» TASK TO COMPLETE
Give back every line of the material below exactly, but no images.

» SUPPLIED DATA

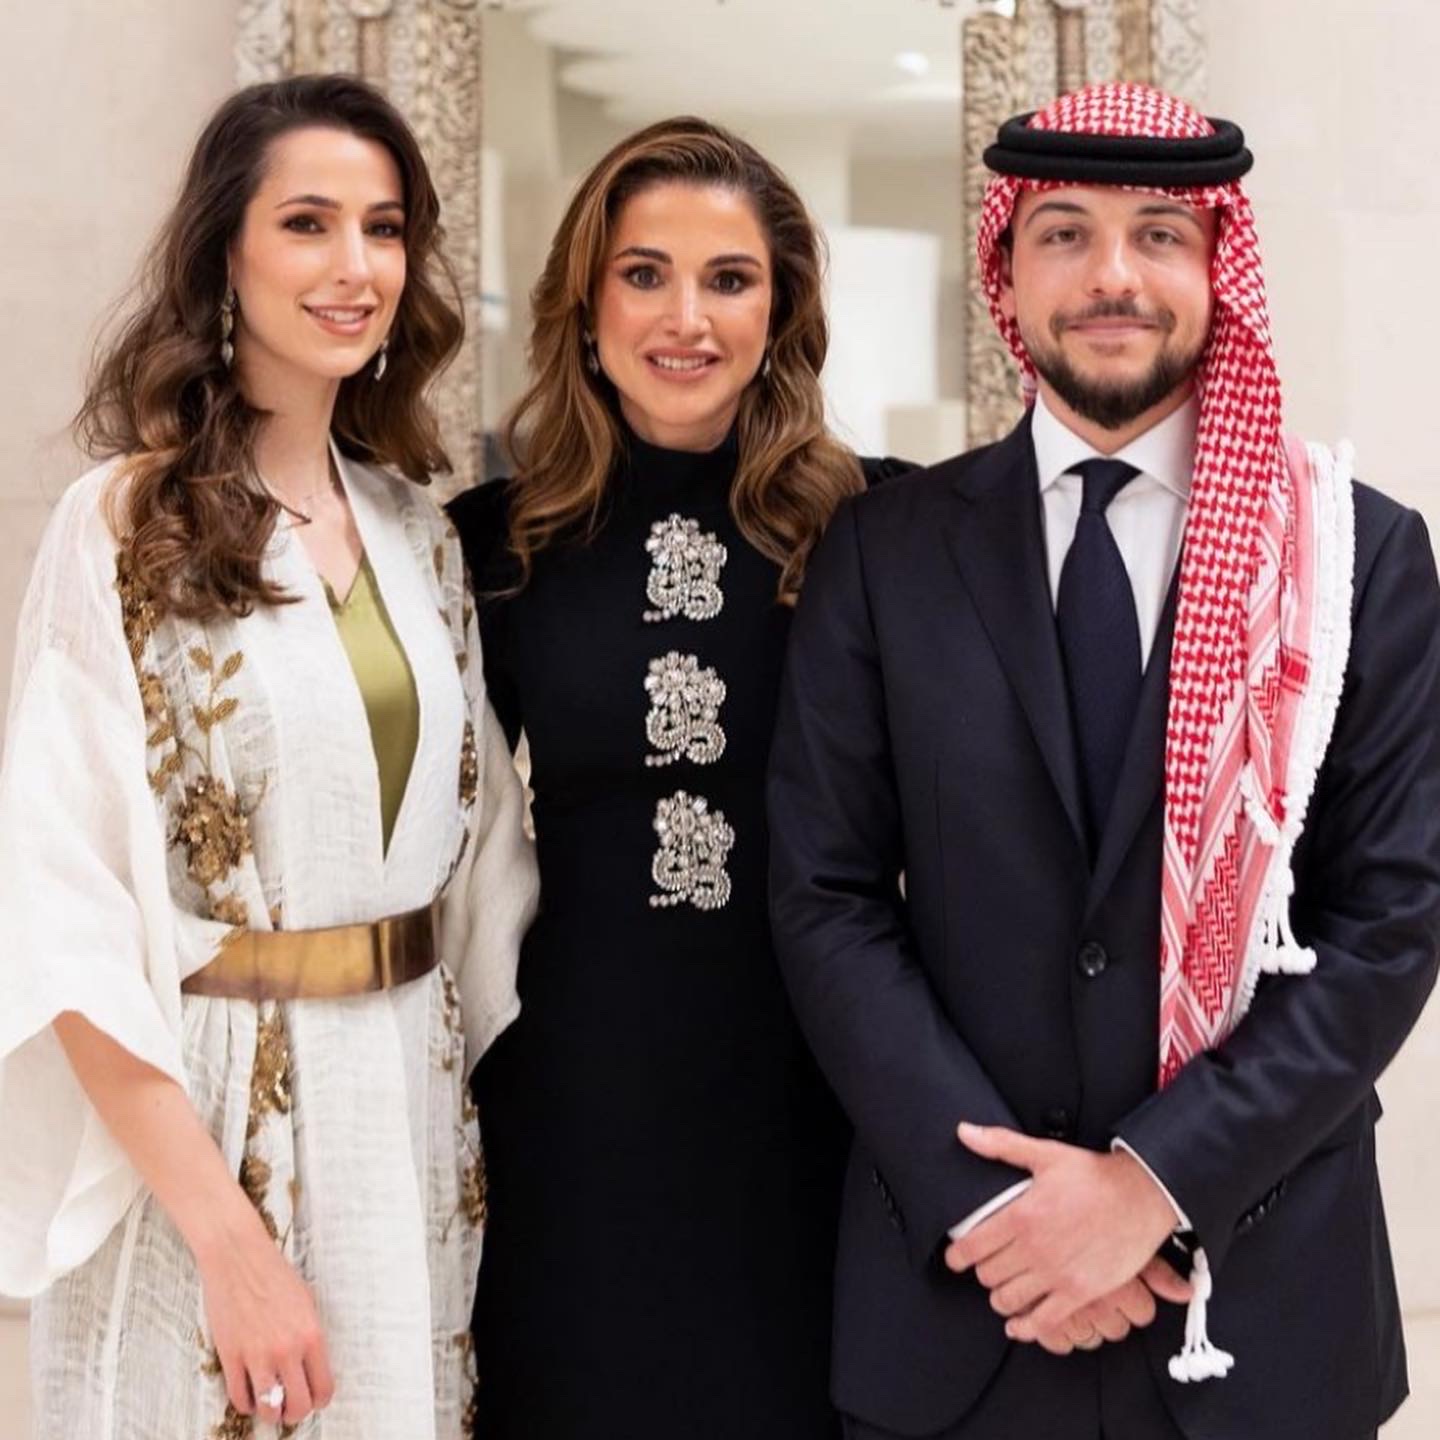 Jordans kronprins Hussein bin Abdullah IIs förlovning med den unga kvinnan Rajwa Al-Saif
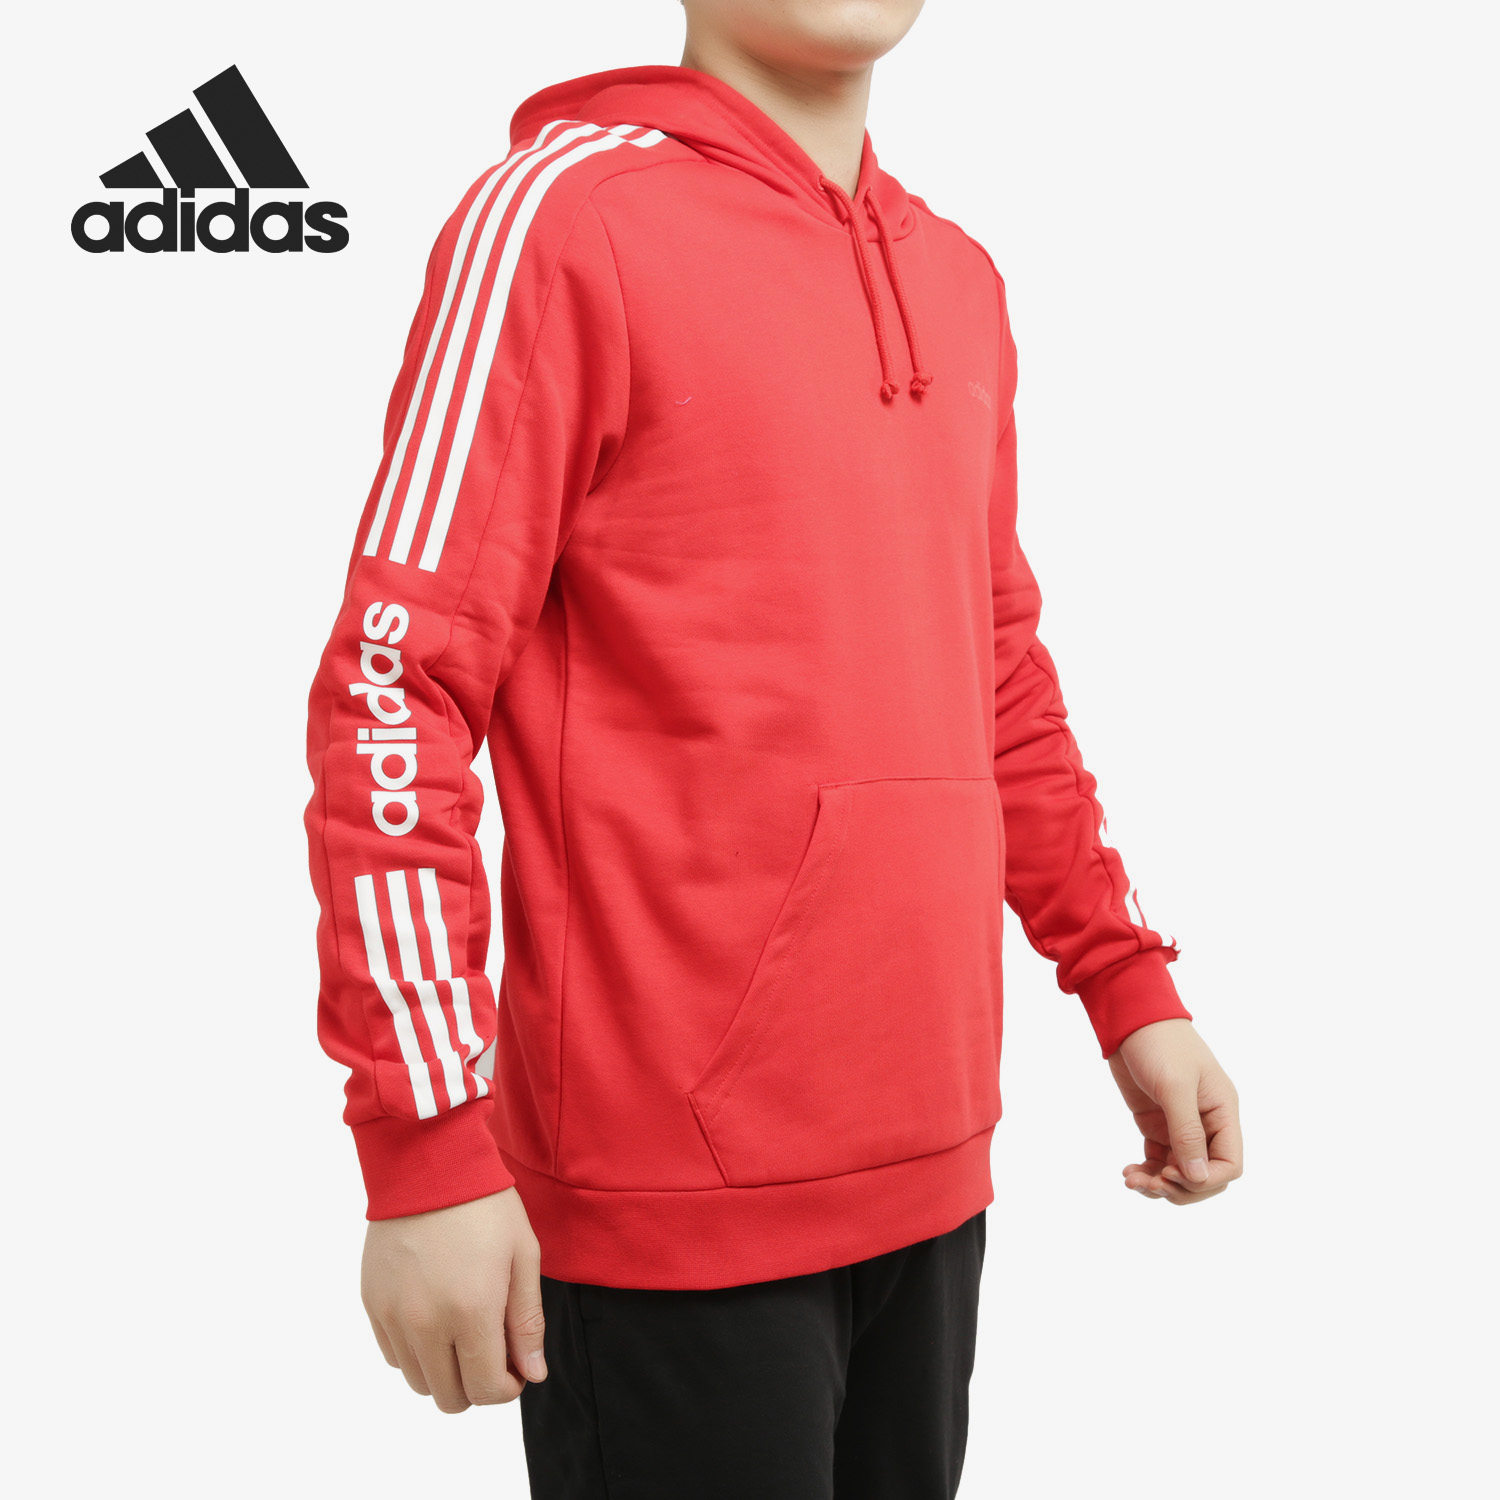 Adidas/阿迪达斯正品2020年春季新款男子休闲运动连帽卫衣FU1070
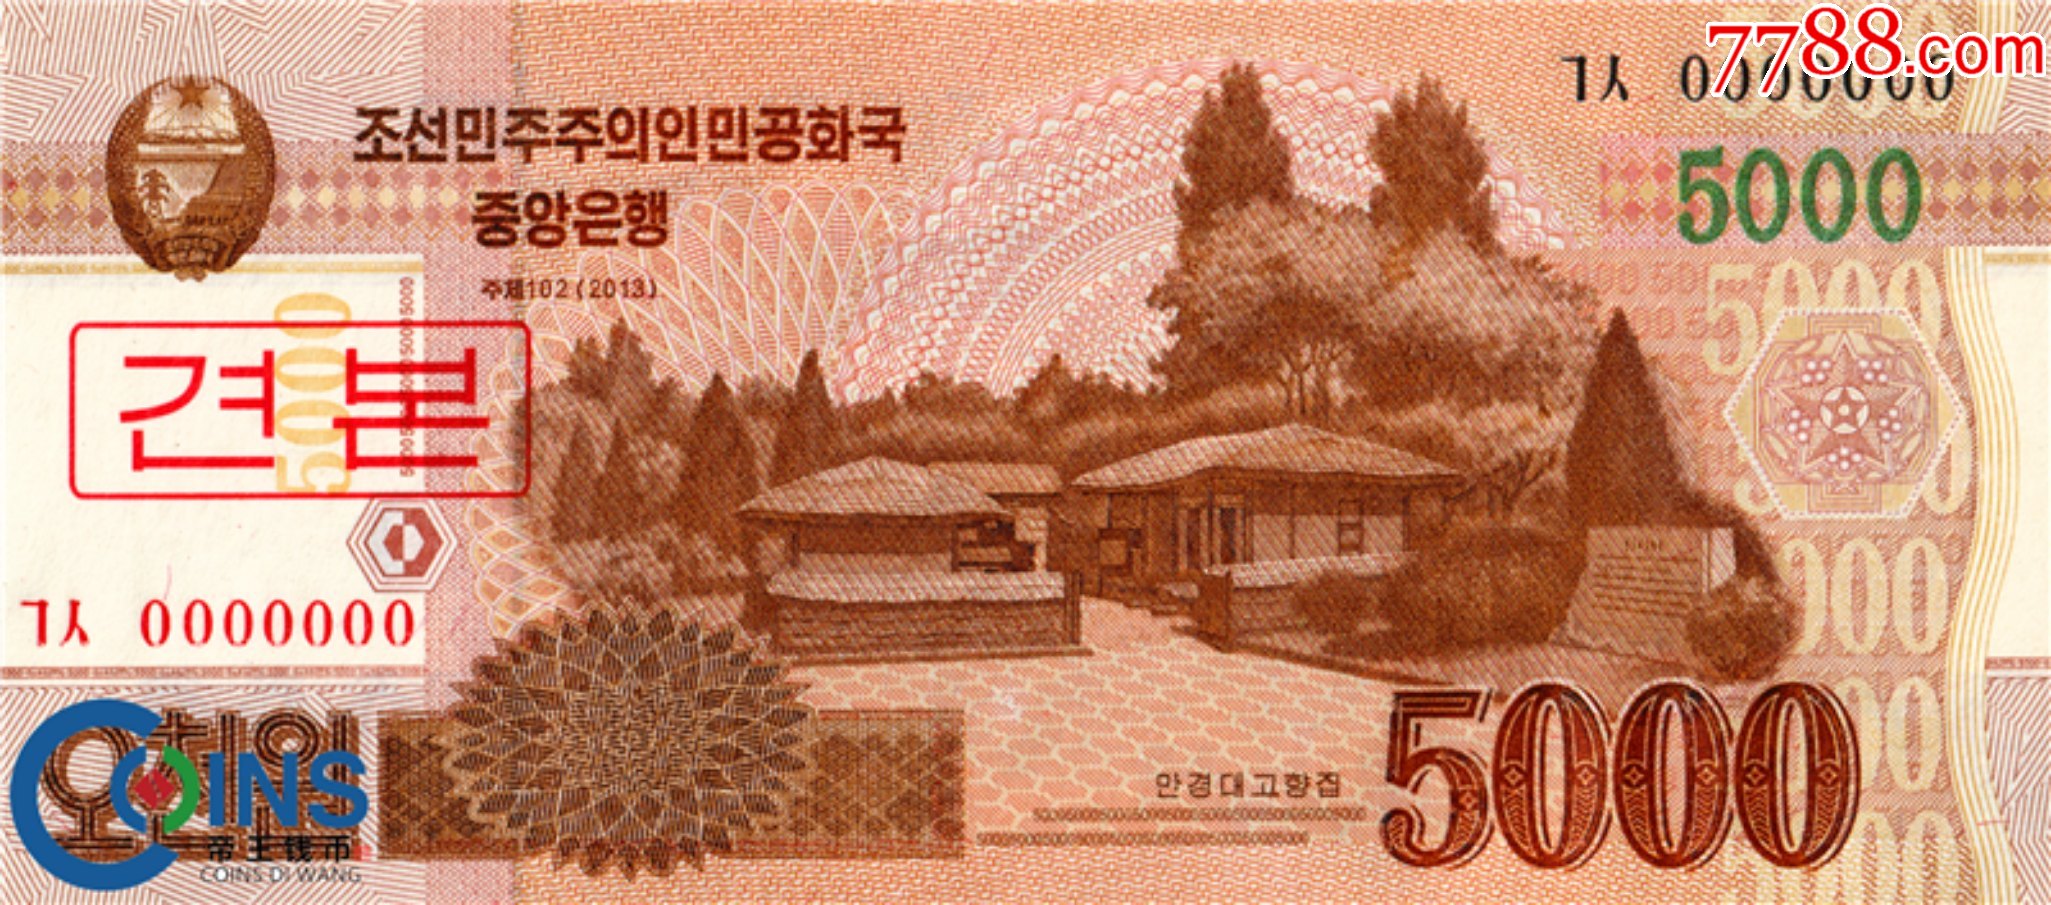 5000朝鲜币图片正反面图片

» YOUR SOLUTION
 Jordans kronprins Hussein bin Abdullah IIs förlovning med den unga kvinnan Rajwa Al-Saif
 Adidas/阿迪达斯正品2020年春季新款男子休闲运动连帽卫衣FU1070
 5000朝鲜币图片正反面图片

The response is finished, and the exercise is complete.